From Washington DC, let’s go to the Washington that is near and dear to my heart. A man in West Seattle decided to go into a Subway and order a meal. While it was being prepared he went into the bathroom and stole a toilet tank. I suppose this is the point I should say something about needing a working toilet after a trip to Subway, but this man took those thoughts to a whole new level.
Imagine this…You’re a good person, right? Occasionally you have a little extra time on your hands? Perhaps you volunteer cleaning up a park to help make things just a little nicer? Volunteers at Centennial Park, just north of downtown Seattle, decided to do just that. While cleaning up the shore, they found a shoe. Inside the shoe? They found a fucking foot! Yes, a human foot was inside the shoe!
Sure, that’s some crazy shit, but the most surprising part of this story is this random foot brings the Seattle Waterfront appendage tally to 15 in the past 7 years! 15 random feet! Holy Hell! While it may not be common, it makes me think twice about a nice relaxing day at the beach with the kids.
Let’s stick with Washington for one more crazy story.

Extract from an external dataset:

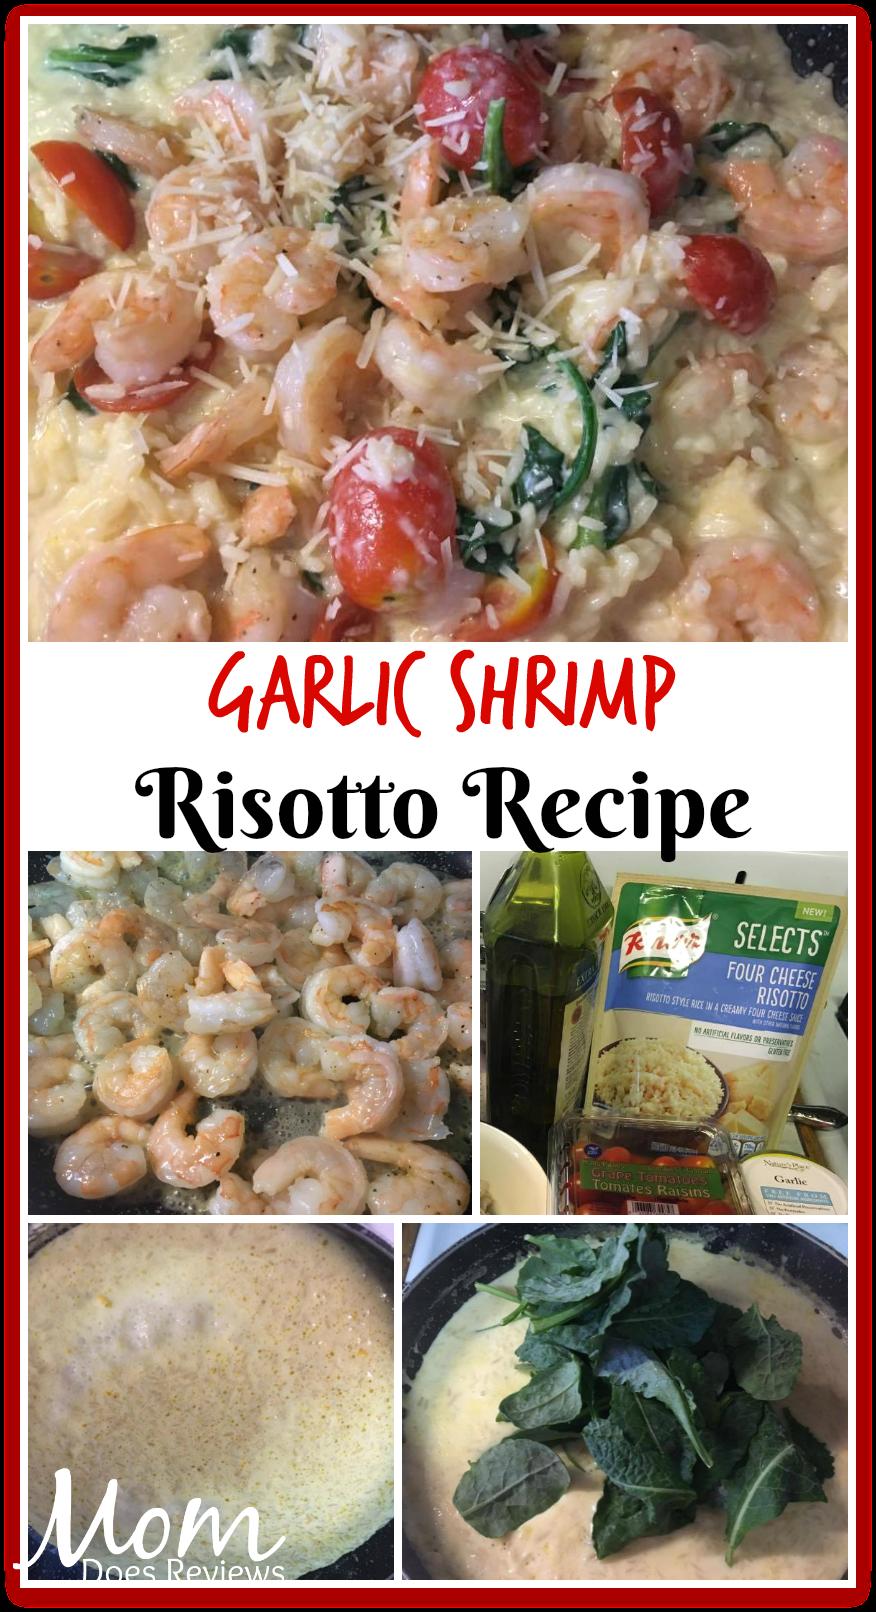 Garlic Shrimp Risotta Recipe

A teacher in Vancouver, WA is being investigated because “Several third graders at Mill Plain Elementary said their third grade teachers require them to earn $50 of Monopoly money to buy toys, popcorn or pizza or use it to go to the bathroom.”
What happens when this type of responsibility is given to third graders? They spend their money on fun things and piss in their pants. I shit you not. Parents are outraged. This story hits really close to home, so I may have more on this later.
Speaking of teachers, a substitute teacher was fired for asking 4th graders for dating advice. How screwed up do you have to be to ask a bunch of 10 year olds what you should do in your dating life? Not only asking them, they were role playing scenarios (although the report says all scenarios acted out were G-rated). Seriously, I have a 9 year old – anyone who wants to trust the judgement of a kid this age is C-R-A-Z-Y! Seriously, some 3rd graders are pissing in their pants, and this chick is asking 4th graders for dating advice???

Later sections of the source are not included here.